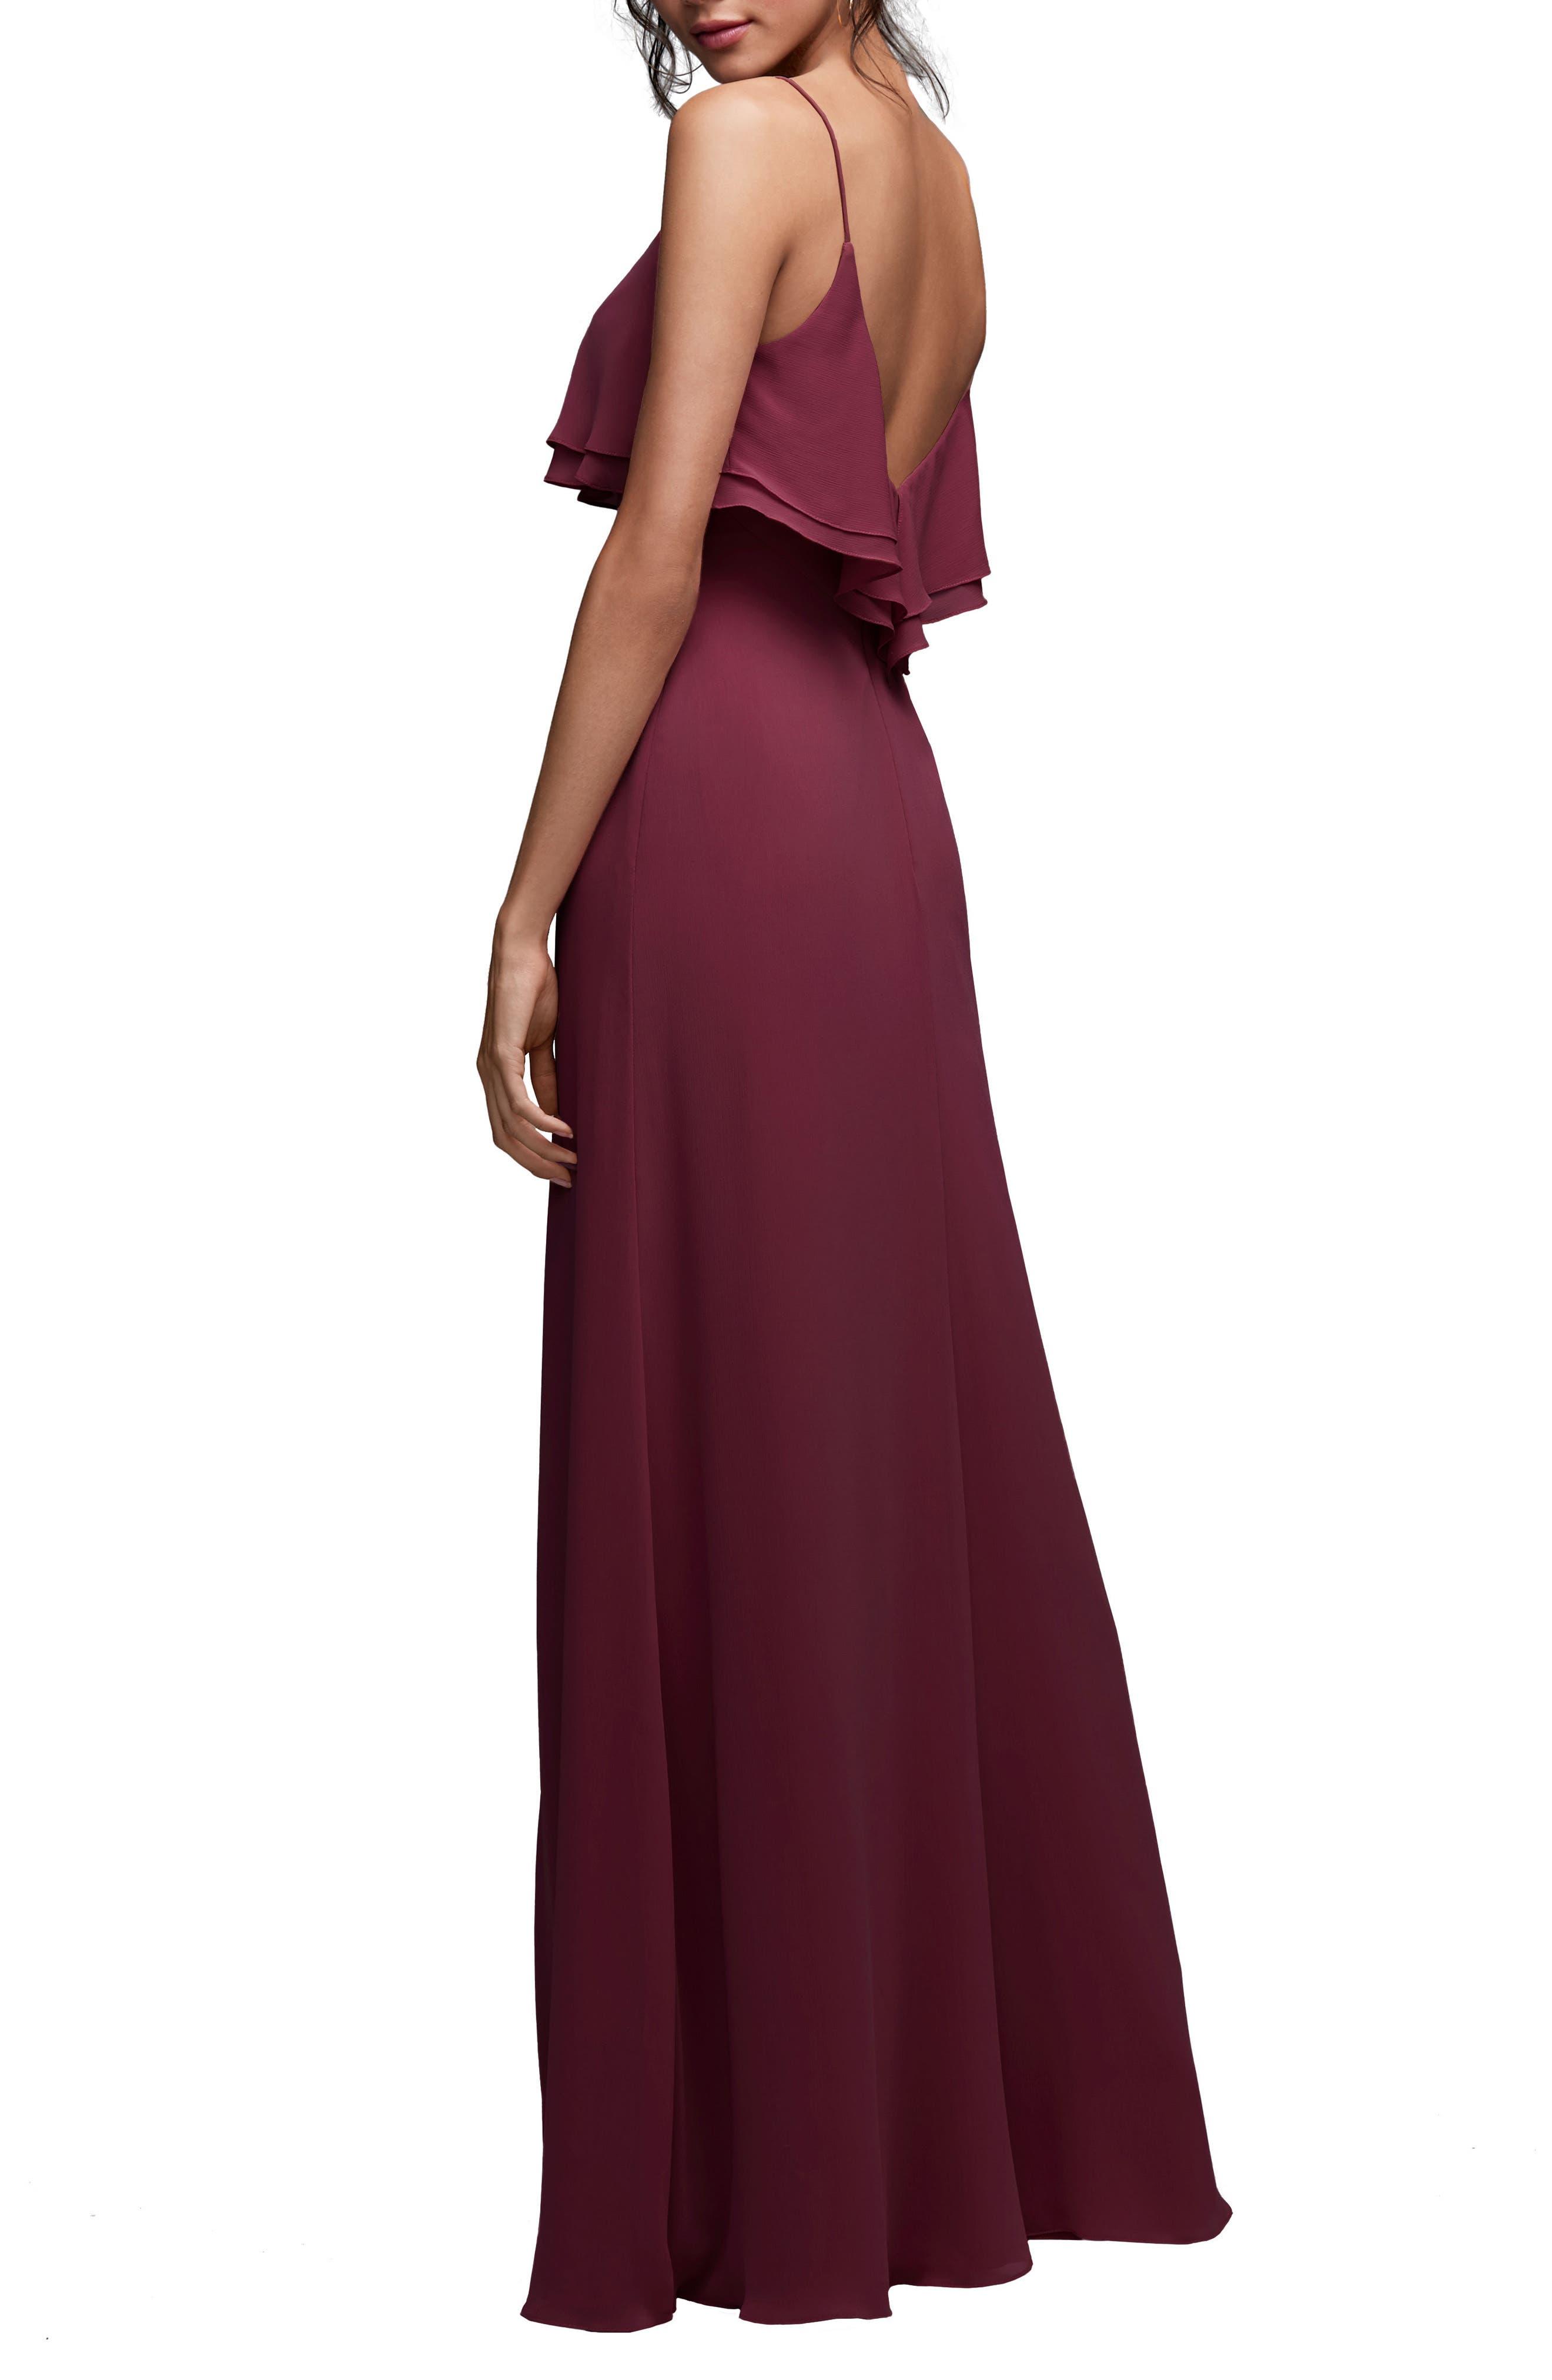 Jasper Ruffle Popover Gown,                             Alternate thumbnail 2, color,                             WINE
■ ■ ■ ■ ■ ■ ■
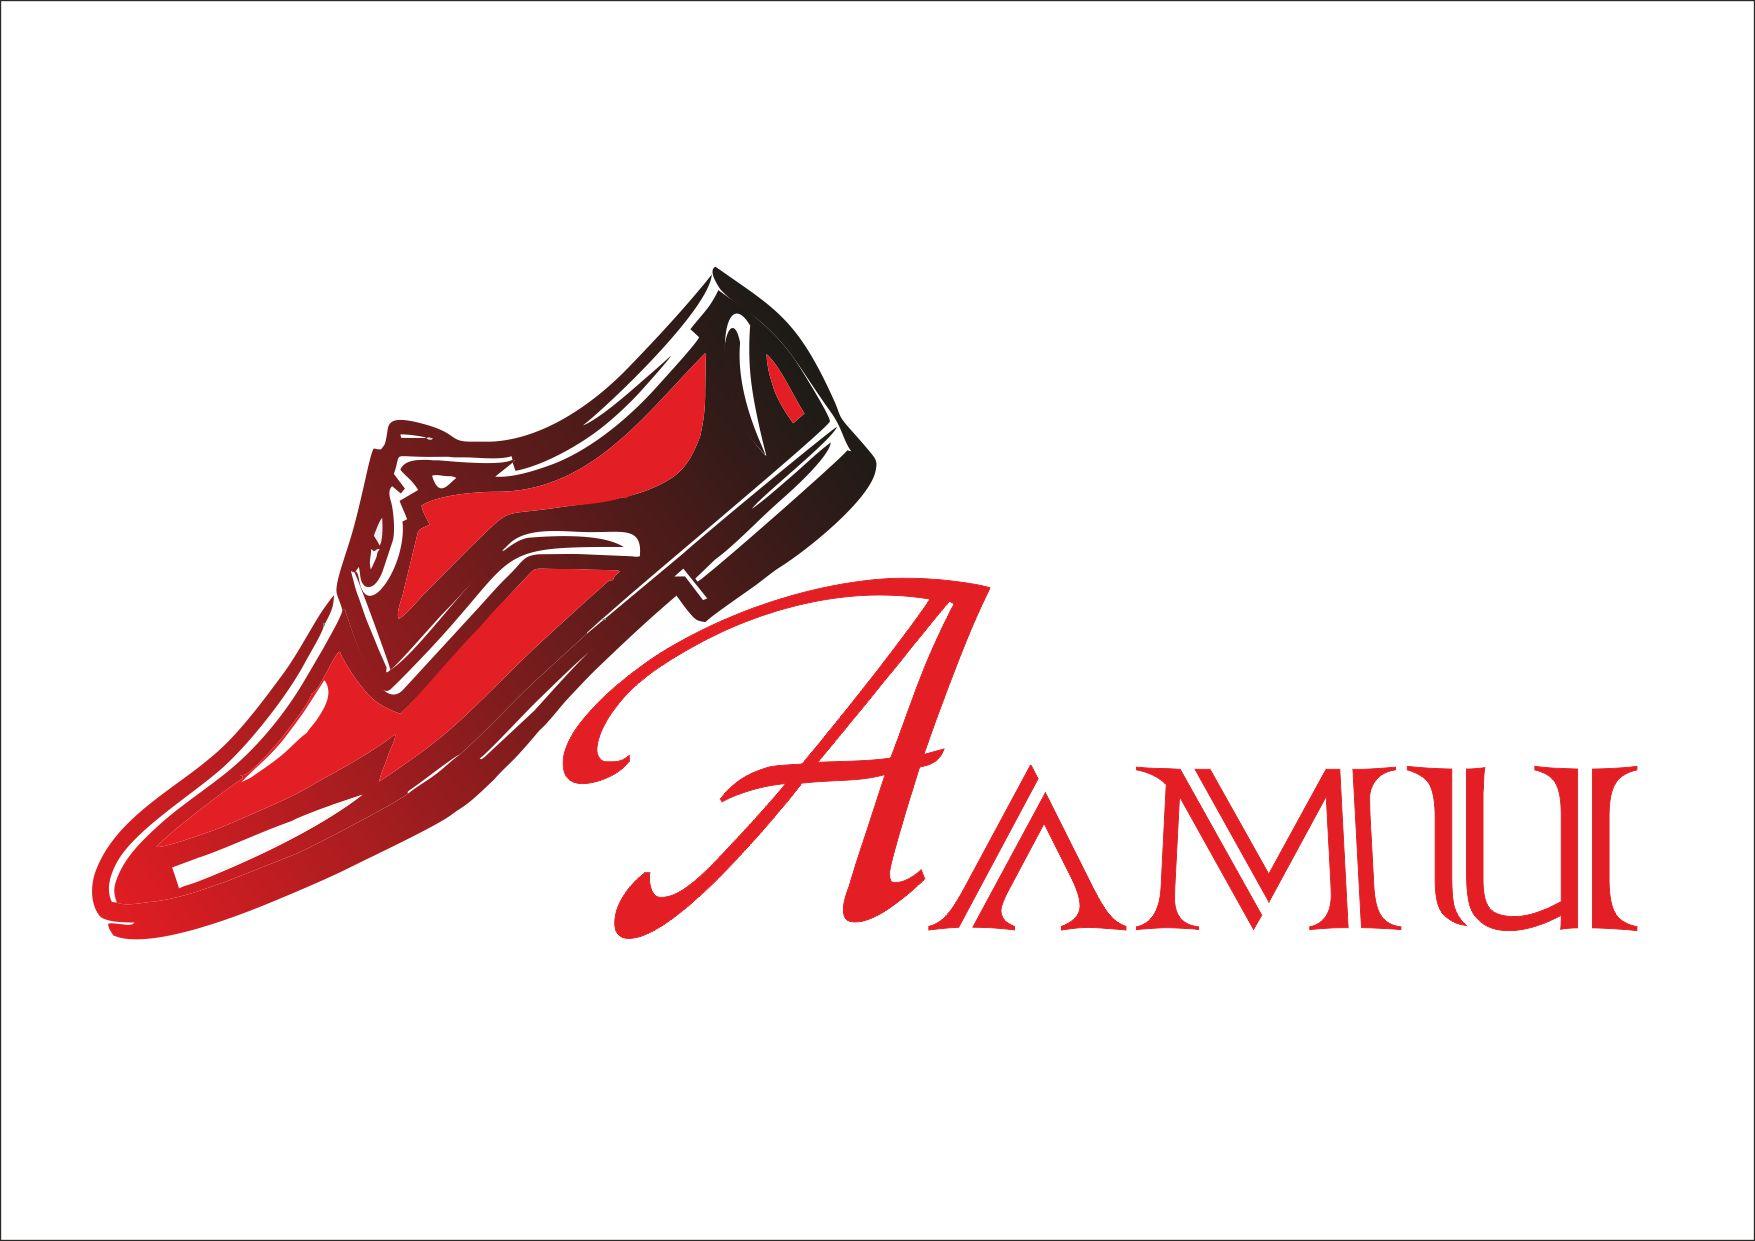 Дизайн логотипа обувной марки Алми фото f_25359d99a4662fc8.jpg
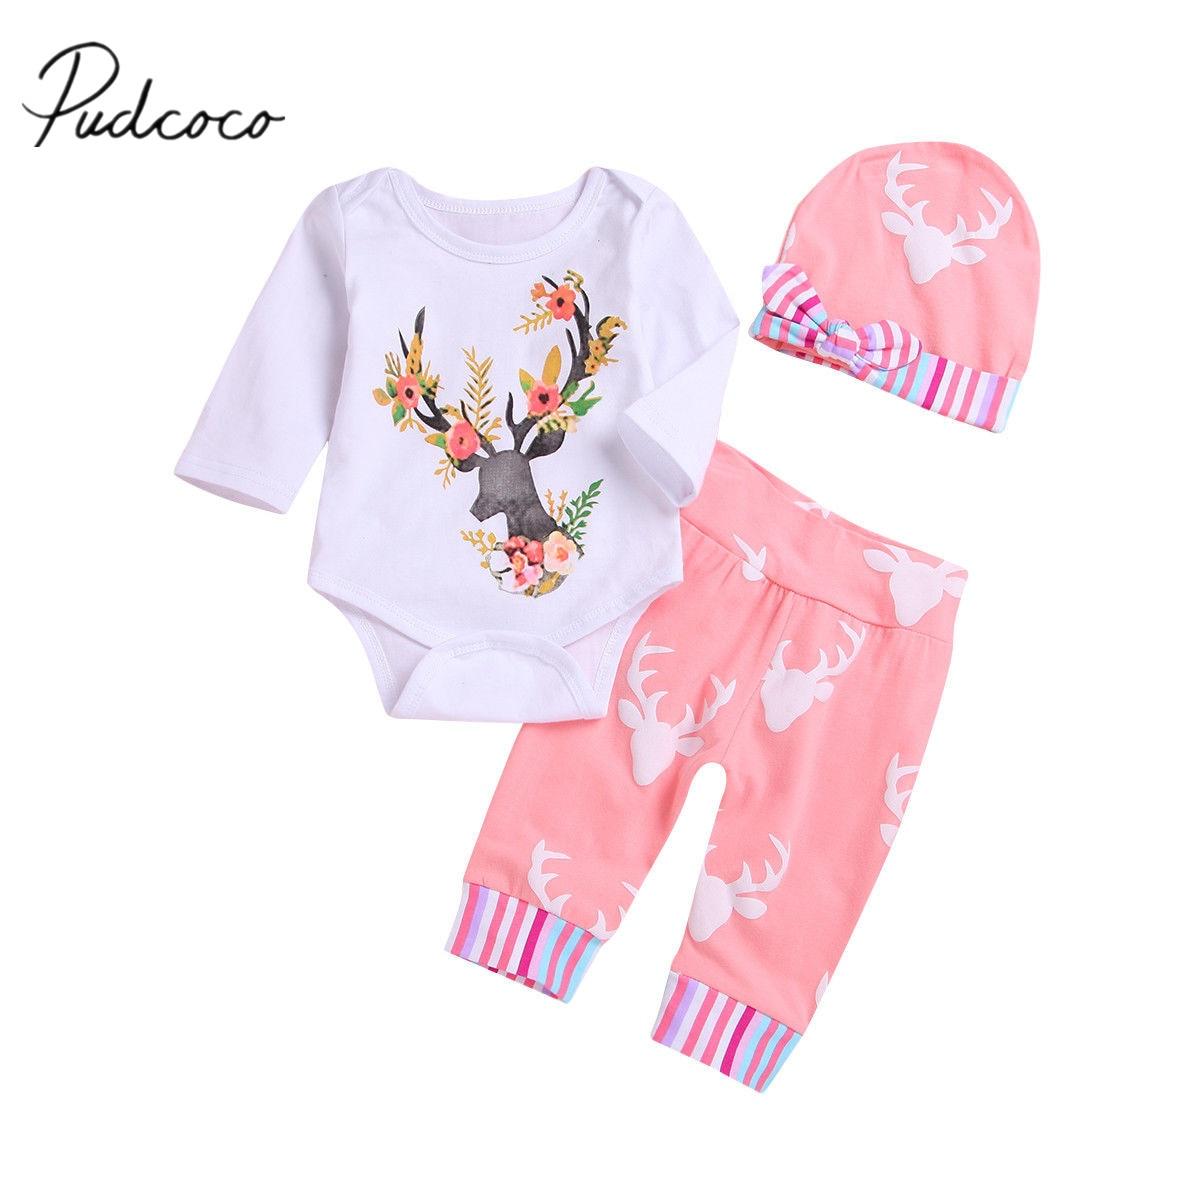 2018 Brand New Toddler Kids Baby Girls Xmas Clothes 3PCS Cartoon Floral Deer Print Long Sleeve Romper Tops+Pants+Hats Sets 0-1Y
■ ■ ■ ■ ■ ■ ■
YOUR OBJECTIVE
For this exercise, return exactly the lines above from the line with "Дизайн логотипа обувной" through the line with "2018 Brand New", both included. Do not copy the pictures.

WORKED SOLUTION
 Дизайн логотипа обувной марки Алми фото f_25359d99a4662fc8.jpg
 2018 Brand New Toddler Kids Baby Girls Xmas Clothes 3PCS Cartoon Floral Deer Print Long Sleeve Romper Tops+Pants+Hats Sets 0-1Y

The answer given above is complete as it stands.